Behold Lady Amherst’s Pheasant, Chrysolophus amherstiae, probably my favourite bird. What is important to note here is the pattern of the various coloured sections on the animal as opposed to the actual colours themselves. The striped tail, tail base section, upper chest, body, crown, and nape of the neck are clearly defined sections and easily distinguished from each other. It’s not the best photo of the animal to show off either the wonderful colours or the exact pattern and distribution of those various swatches of colour, but should give you a good idea and serve as sufficient for comparison to our second bird.
This is the Golden Pheasent Chrysolophus pictus, rather obviously a close relative both from the name but also from the actual pattern of the feathers. Again the picture is far from perfect for comparison (great photo that it is – courtesy of Roger Close again – both photos from the Beijing Zoo by the way). At least the crown, striped tail, nape, front and base of the tail should all be fairly clear and recongisable as being identical to the pattern of the Amherst, even if the colours themselves are remarkably and dramatically different.
This is interesting for a number of reasons and especially when you take into account that they are the only two species in their genus and in the wild their range does overlap (very slightly admittedly) and in captivity at least they certainly can interbreed (though I don’t know if this can go to a second generation or if they produce sterile offspring).

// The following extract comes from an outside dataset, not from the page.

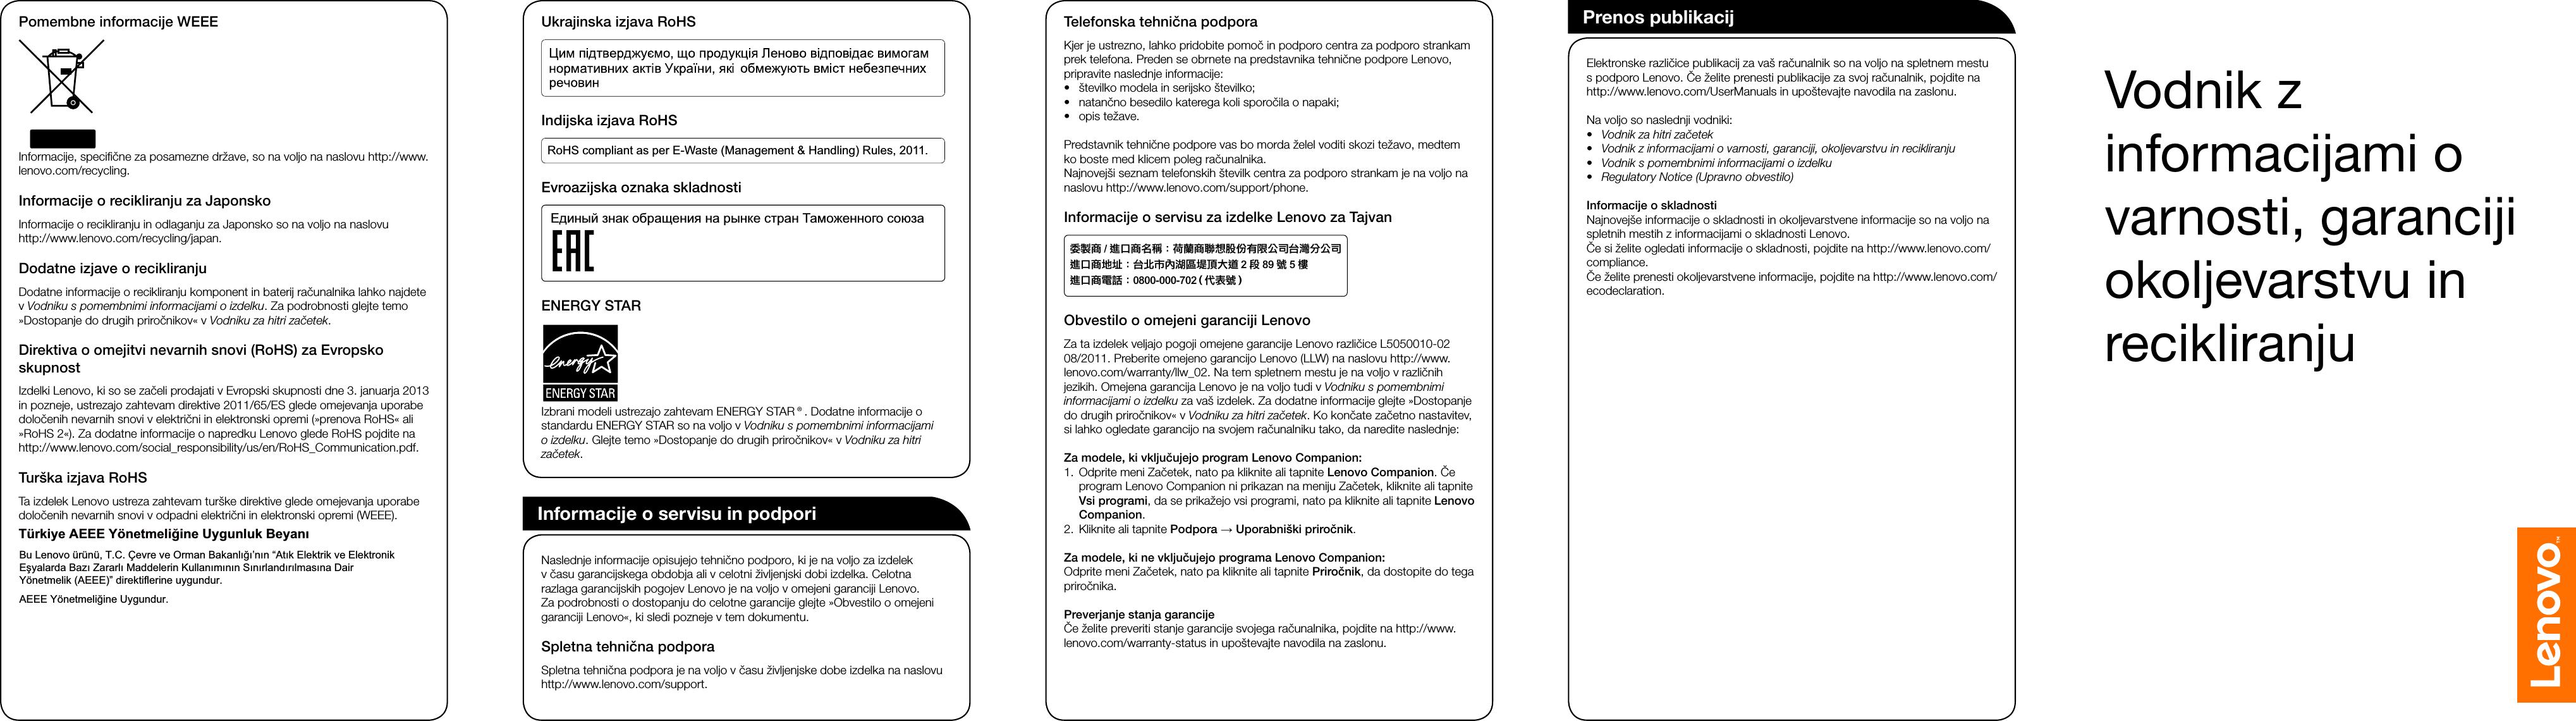 Lenovo Ic Swrg V1 0 3 N Win10 Sl Online 20160509 User Manual

Now I really don’t know much about them as living animals or their evolutionary history (and indeed while I have not looked into it, given our average knowledge of most living taxa, my guess is that no one knows that much) but these are pretty much by definition very closely animals that split from some common ancestor not too long ago. Nevertheless despite their similar habits and habitats and similar gross anatomy, somewhere along the line one (or possibly both) underwent a massive shift in colour, while still retaining the underlying pattern on which those colours are laid out.
Two quick things then (in brief, after all that build up):
1. Palaeoartists: I’d love to see something like this done more often. Living species at least on some occasions can be well separated by ‘superficial’ differences like colour and pattern (and indeed, taxonomists take note too!).
2. Some species don’t *care* what criterion use use to distinguish them (which characteristics or species concepts) some can and do interbreed even when you think they are quite different and others keep their reproductives lives well separated even when they look the same to us. Furthermore, although obviously there may well be a history of geographic separation, the fact that these animals can and do interbreed and overlap in the wild suggest that these species have separated and produced two different species despite these issues. I wouldn’t want to use it as a concrete example without knowing more about them, but I would argue that it is highly suggestive that ‘mere’ colour differences and perhaps mating preferences can produce dramatically different looks in animals that are otherwise morphologically near identical.